Contest 2: Cavalry Mech, Phase 1
Waking up from the previous night with a hellacious hangover, you find your head buried deep in the sands of paper, as well as forty small children's tops all left half-disassembled as you sketched out the remains of their operation. A mess of springs and tiny threaded rods inside the toy controlled weights, which then moved relative to the rest of the standing mass to change the distribution of weight. It was quite clever- and more importantly, meant something you could borrow from. One major issue of gyroscopes was getting them up to tempo, and with this system you were envisioning you could get the system up to speed with the weights in, and then adjust speed via adjusting position of those weights instead of running a brake on the shaft.

Collecting your sketches, you got everything bundled up, and dutifully headed off to work. Once there, the gyroscope team dutifully went over your designs, and prototypes were discussed, before being put to the think team. Working off the older Foucalult 2,000rpm unit, there would have to be a lot of adjustments, but if the tunings held correctly the gyroscope team leader thought he could get the same rotational momentum out of a 1,500rpm unit with the new system. Unfortunately, the control rod system would cap net rotations unless someone else came up with something clever, but that wasn't your department.

Sitting down in the work room, you got together with your team of experts and got to work. Hotchkiss wasn't kneecapping you on this project, thankfully, but there was a request to keep transmissions systems simple. More importantly, however, was the request to try and work with Workshop 1 on a common weapons arrangement so that Hotchkiss Arms could start tooling up a dedicated shop for the mechworks. In addition, you were getting a new team lead: Robert Niels, head of the armorers team. While he only had five machinists and ten laborers, the fact he had the licensing and ability to get his hands on whatever weapons you wanted was going to be critical.
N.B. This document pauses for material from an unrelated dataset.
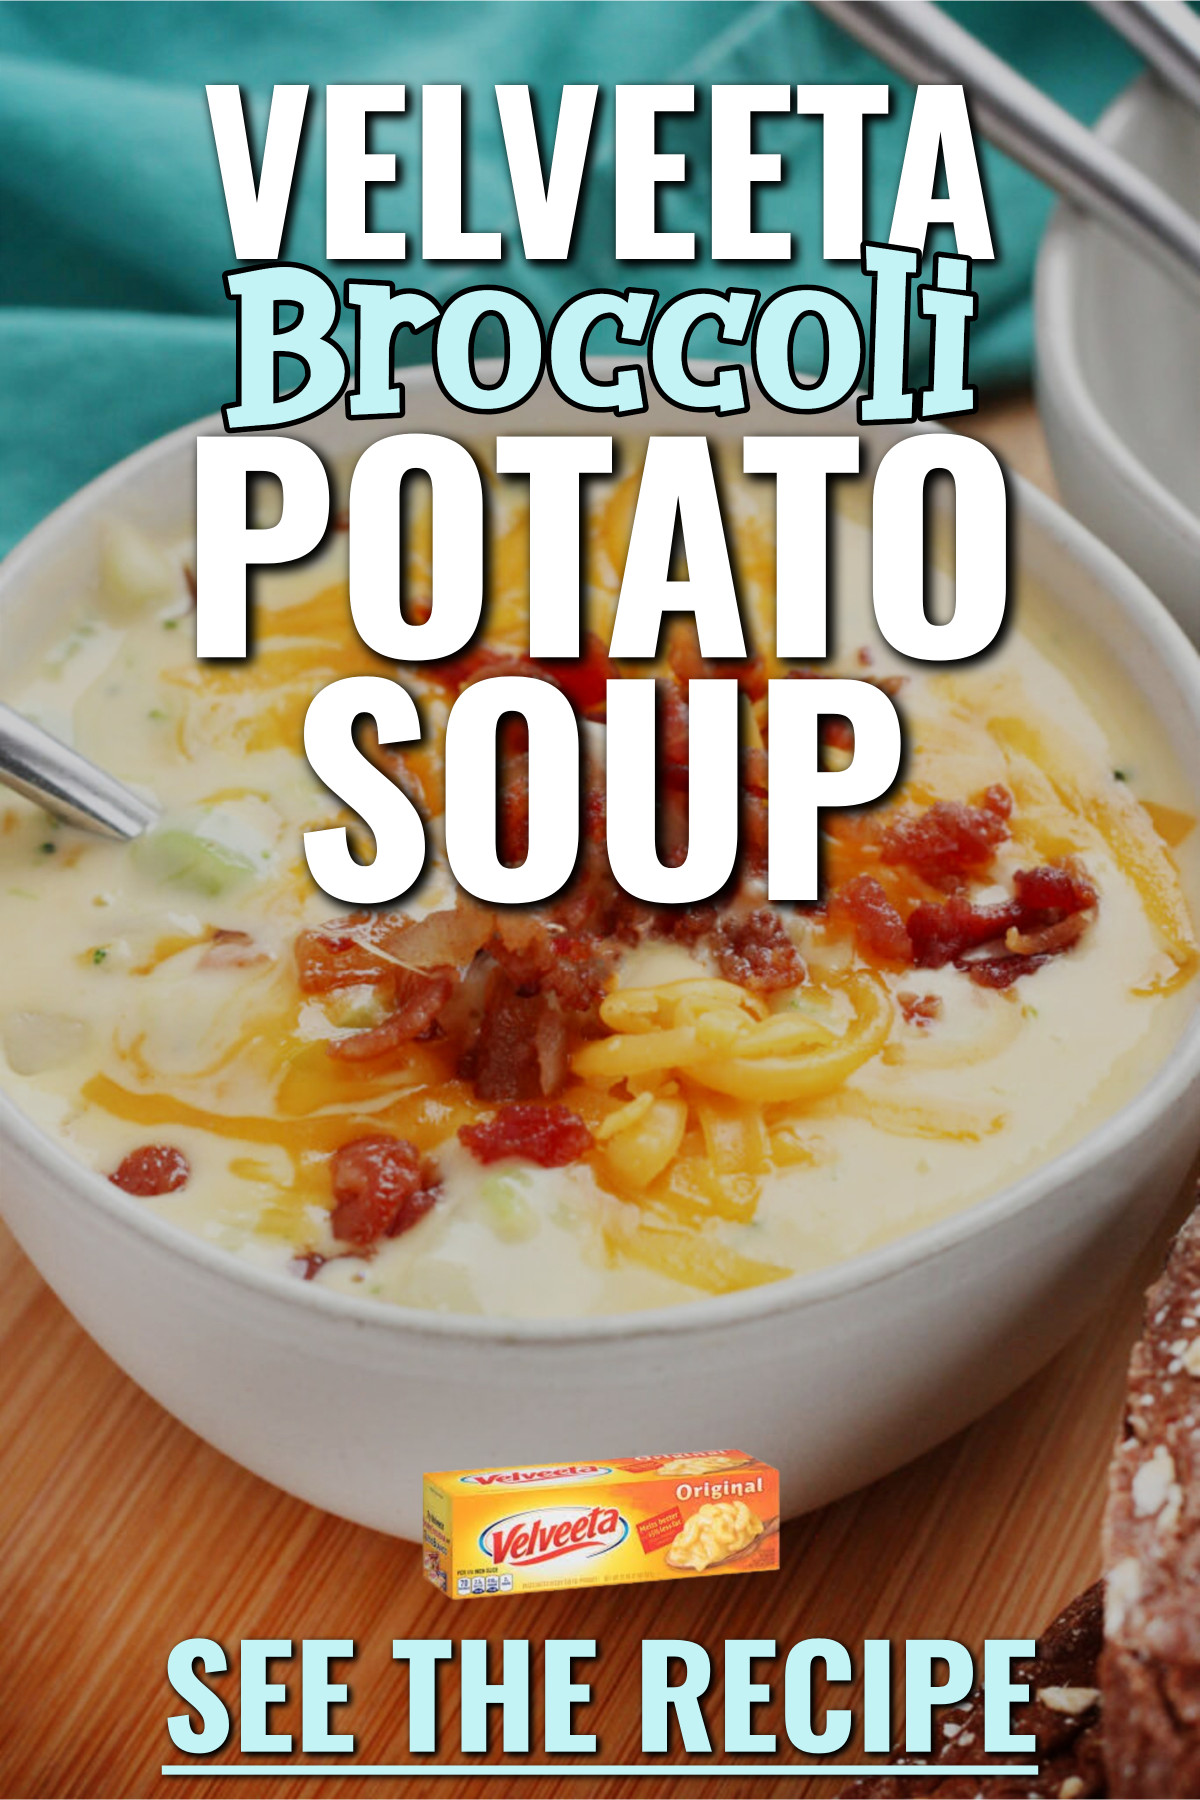 Velveeta Broccoli Potato Soup

Sitting down to talk design, things got started quickly. Gregory du Sale flat out said he wanted to push for a forty-ton design, which opened the discussion with flying coffee cups. Compagnie du Siens only offered up to twenty ton feet, and this design had to be a biped: going for multiple feet was out of the question! With that matter settled- and the broken porcelain swept up- he compromised down to a full-bodied twenty tonner, with the additional caveat that a long-body design would get him better structural articulation to mount armor to.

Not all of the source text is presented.